The authors evaluate EywaAgent, EywaMAS, and EywaOrchestra across diverse scientific domains using different LLM backbones. Results demonstrate that integrating domain-specific foundation models significantly enhances utility and efficiency compared to language-only baselines. EywaMAS achieves the strongest overall performance, while EywaOrchestra provides a cost-effective alternative by dynamically adapting the system configuration. EywaMAS achieves the highest overall utility across physical, life, and social science domains compared to single-agent and homogeneous multi-agent baselines. EywaOrchestra matches the performance of the fixed multi-agent system while substantially reducing token consumption and inference latency through dynamic configuration selection. Upgrading the LLM backbone from gpt-4.1-nano to gpt-5-nano yields significant performance improvements, whereas further scaling to gpt-5-mini shows diminishing returns in several sub-domains.
The authors evaluate the EywaAgent system using three distinct LLM backends to analyze the impact of model capability on performance. Results show a clear upward trend in overall utility as the backbone strength increases, with the strongest model achieving the best scores. While the largest model offers the highest utility, it demonstrates a trade-off where token consumption is lower than the mid-tier model but inference time is slightly higher. Increasing the capability of the LLM backbone leads to consistent improvements in overall utility across all scientific domains. The strongest model configuration achieves the highest utility while consuming fewer tokens than the mid-tier configuration. The smallest backbone model is the most efficient in terms of time and token usage but yields the lowest utility.

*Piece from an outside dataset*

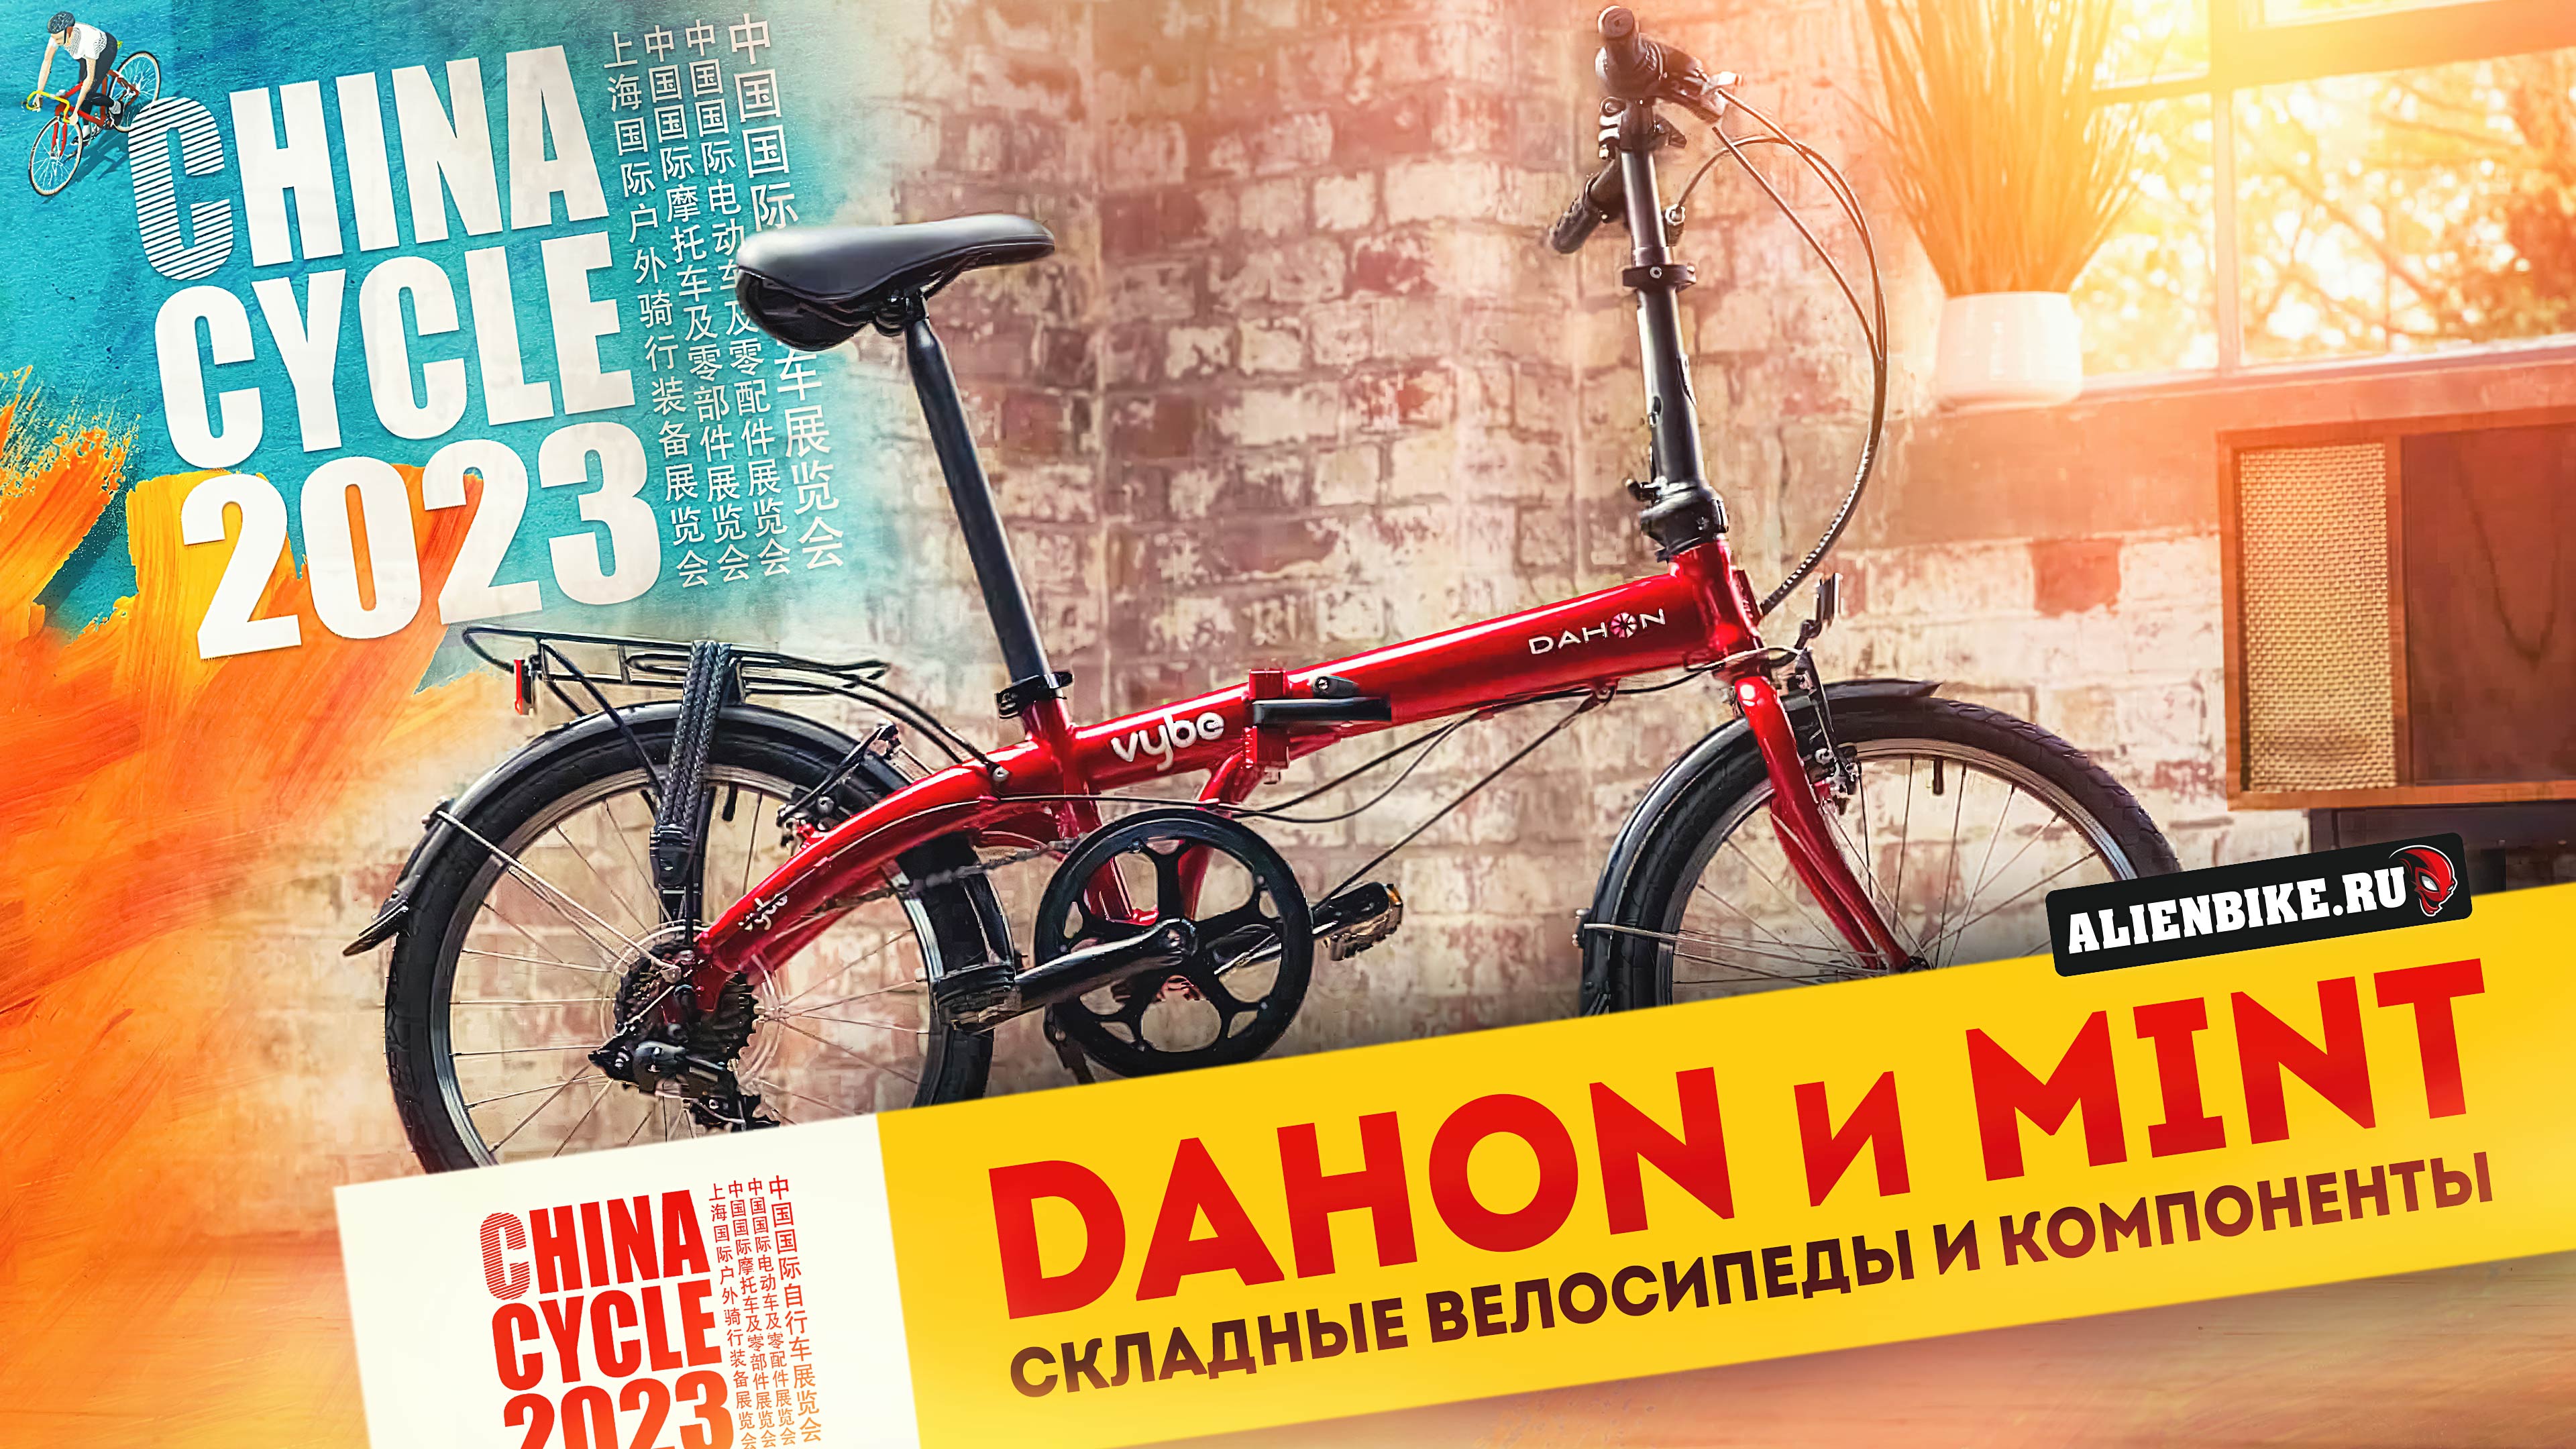 Крутые складные велосипеды DAHON // Велосипеды MINT // Детали и компоненты | China Cycle 2023
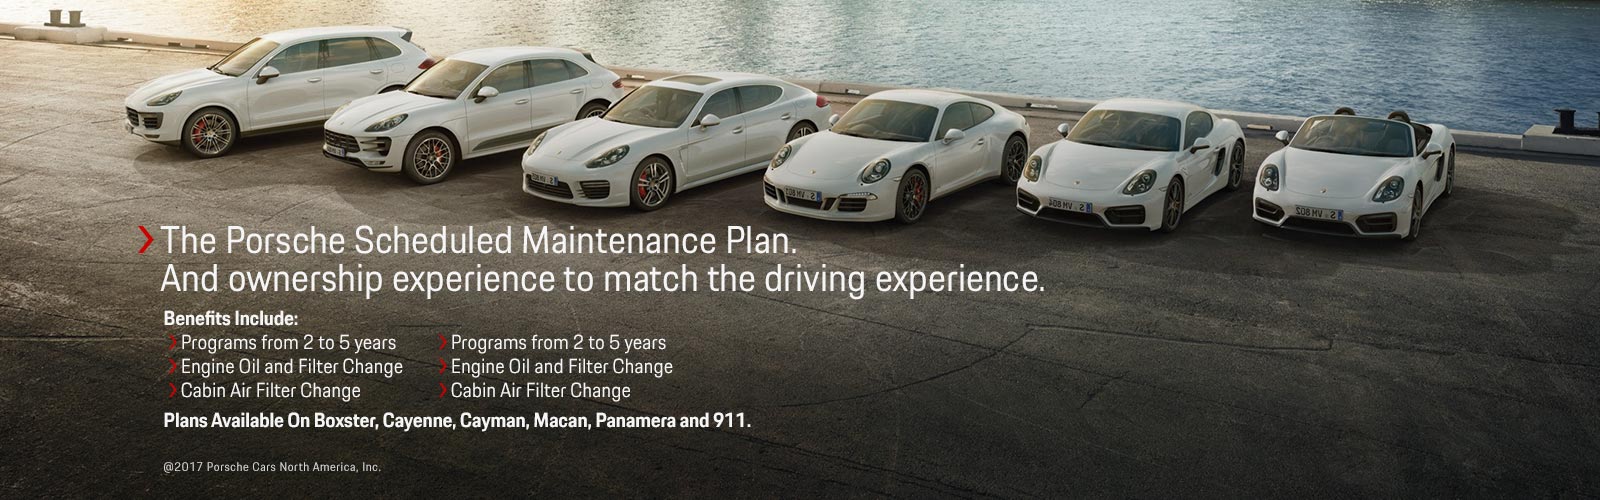 The Porsche Scheduled Maintenance Plan

The authors evaluate their proposed methods against various single-agent and multi-agent baselines across scientific domains using a unified protocol. Results demonstrate that integrating domain-specific foundation models significantly improves task utility and computational efficiency compared to language-only approaches. EywaAgent improves average utility and reduces token consumption compared to the single-agent baseline. EywaMAS achieves the highest overall utility while using fewer tokens than other multi-agent baselines. EywaOrchestra reaches utility levels similar to expert-designed systems but with lower latency and token costs.
The authors evaluate EywaAgent, EywaMAS, and EywaOrchestra across diverse scientific domains using various LLM backbones to compare performance against single-agent and language-only baselines. Results indicate that integrating domain-specific foundation models significantly enhances utility and efficiency, with EywaMAS achieving the highest overall performance and EywaOrchestra providing a cost-effective alternative through dynamic configuration. Additionally, upgrading the LLM backbone yields significant performance improvements, whereas further scaling shows diminishing returns in several sub-domains.